Chapitre 2

6 minutes de lecture

Recherche orpheline désespérément

Les jours se ressemblaient de plus en plus même après une fugue.

J’avais élu domicile dans une petite ville à plusieurs kilomètres. Je logeai dans un motel depuis une bonne semaine. J’avais pris l’initiative de limiter mes déplacements et de sortir couverte. La seule lourde dépense que j’avais effectuée était un couteau qui ne me quittait pas. Ils pouvaient me retrouver à tout instant. S’ils voulaient mettre la main sur moi, je n’allais pas hésiter avant de leur enfoncer mon arme dans le ventre.

Mes sentiments étaient perdus entre la colère, la peur, la tristesse, l’angoisse et l’interrogation perpétuelle. Pire encore, mes hallucinations revenaient de plus belles. D’abord, elles étaient futiles avant de devenir plus persistantes. Je voyais des gens aux regards tristes, aux expressions qui n’inspiraient rien de bon sans parler des manifestations la nuit. Je percevais des murmures, des ombres, des inscriptions en lettres écarlate ou sur le miroir de la salle de bain avant que cela ne disparaisse. Une fois endormie, je voyais Delilah et la gorge tranchée de Lucien. Ils me hantaient tous et ça empirait de jour en jour. J'avais besoin de médicaments.

Lorsque je sortais, je me sentais observée en permanence. Je ne cessais de rester sur mes gardes. Je baissais la tête, j’enfonçai un bonnet sur ma tête et ne sortais jamais sans lunettes de soleil. Emprisonnée dans un monde d’impressions, d’hallucinations et de paranoïa constantes, je compris assez vite que mon impression d’être suivie était bien réelle.

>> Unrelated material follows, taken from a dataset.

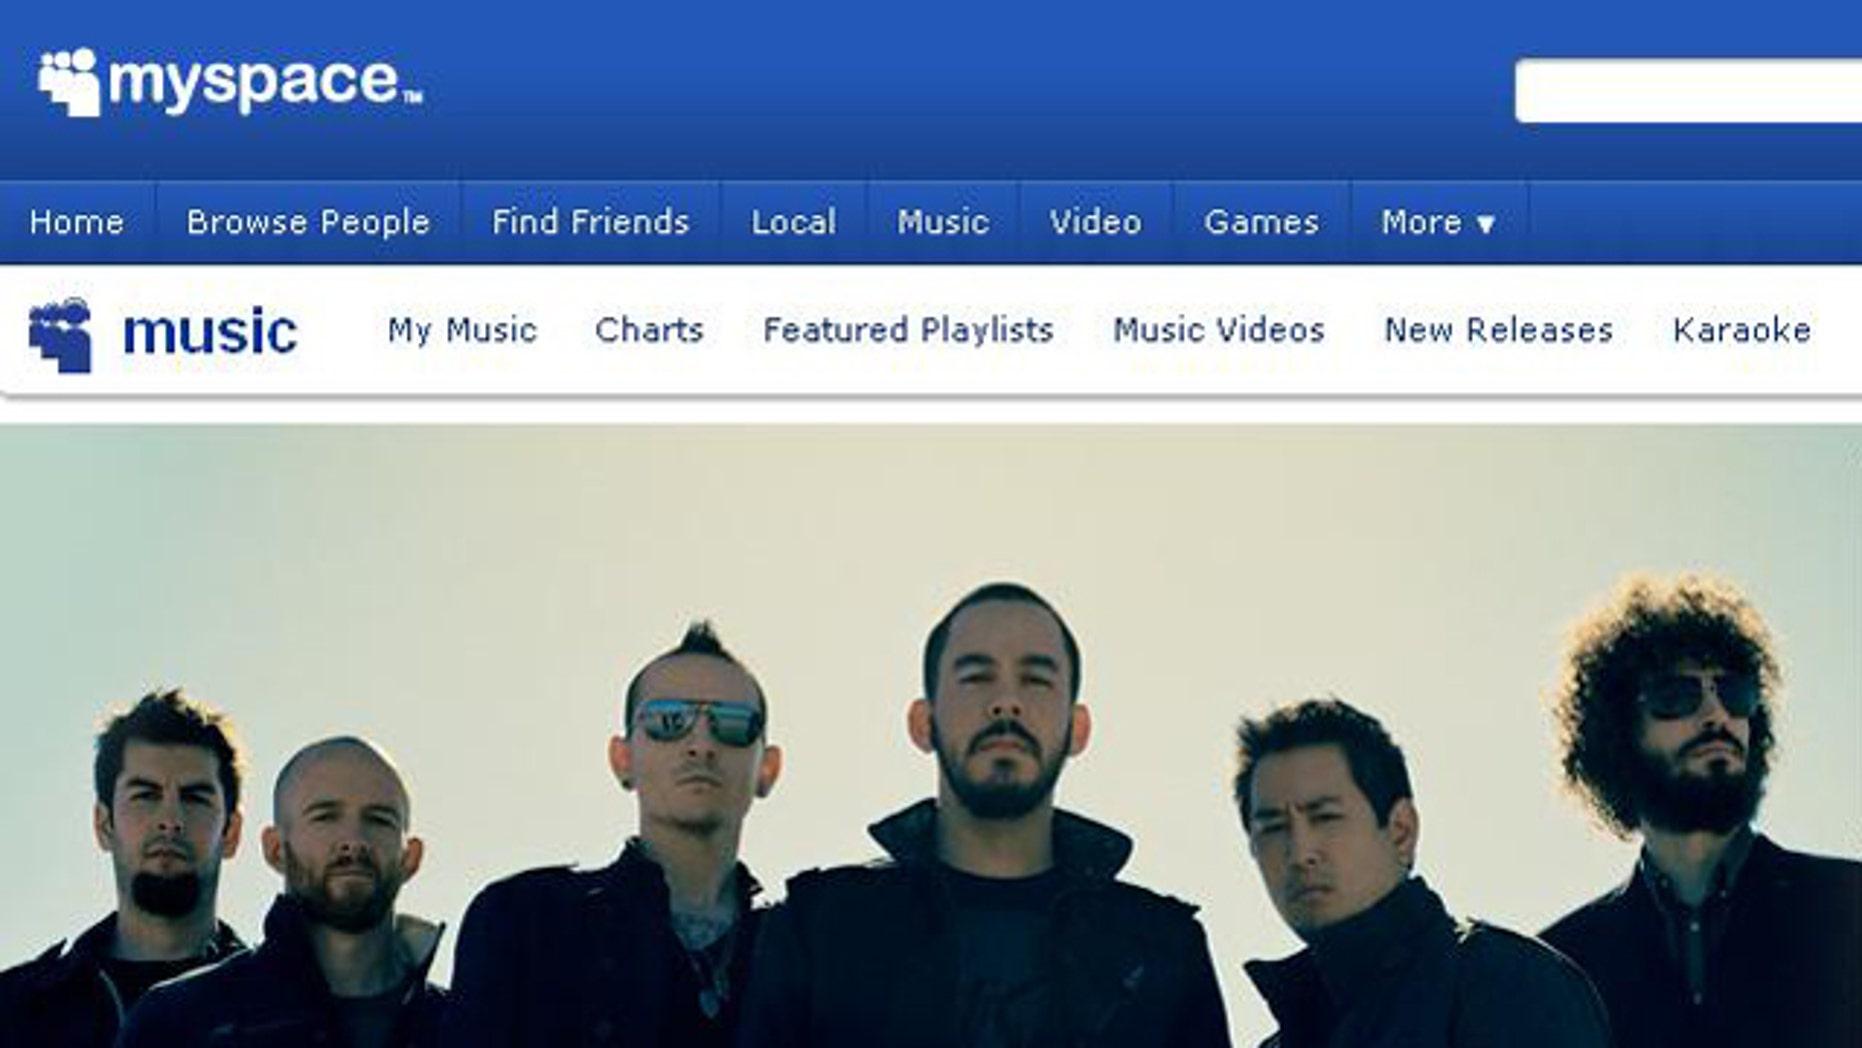 A screen capture of the MySpace Web site.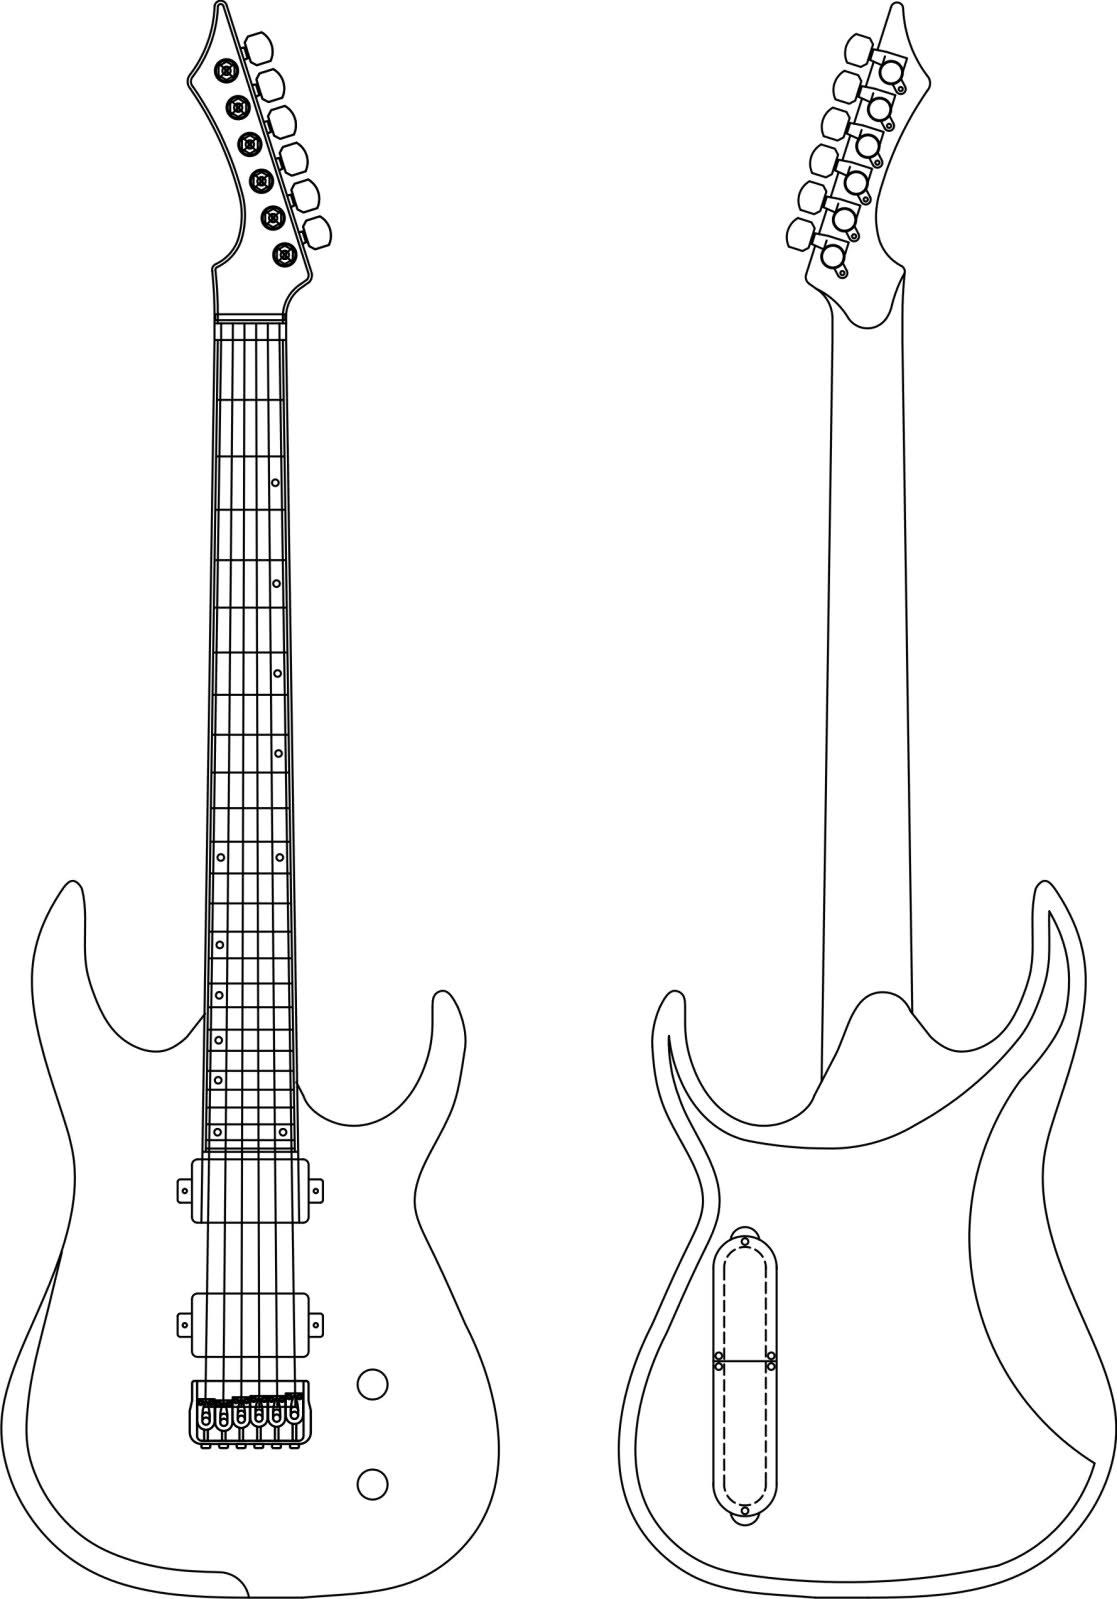 Dovetail template printable guitar - Http I55 Tinypic Com 2pocsvd Jpg

La nuit était tombée depuis longtemps lorsque je passai la porte d’un restaurant. Ce genre de restaurant ouvert jour et nuit aux néons colorés, aux banquettes de cuir et aux tables dont les coins étaient arrondis. Je remontai l’étroite allée puis fonçai jusqu’à une banquette, au fond de la salle. Une fois sur le cuir rouge, je posai mon sac près de moi et me glissai sur le bord de cette même banquette. Si quelqu’un s’approchait, je pourrais vite partir. La serveuse vint remplir ma tasse de café sur ma demande avant de me laisser un menu. Derrière mes lunettes, je lus le menu. Je le tenais devant moi, redressé afin de pouvoir surveiller la salle en même temps. Je pus alors repérer trois paires d’yeux se tourner dans ma direction. Trois hommes.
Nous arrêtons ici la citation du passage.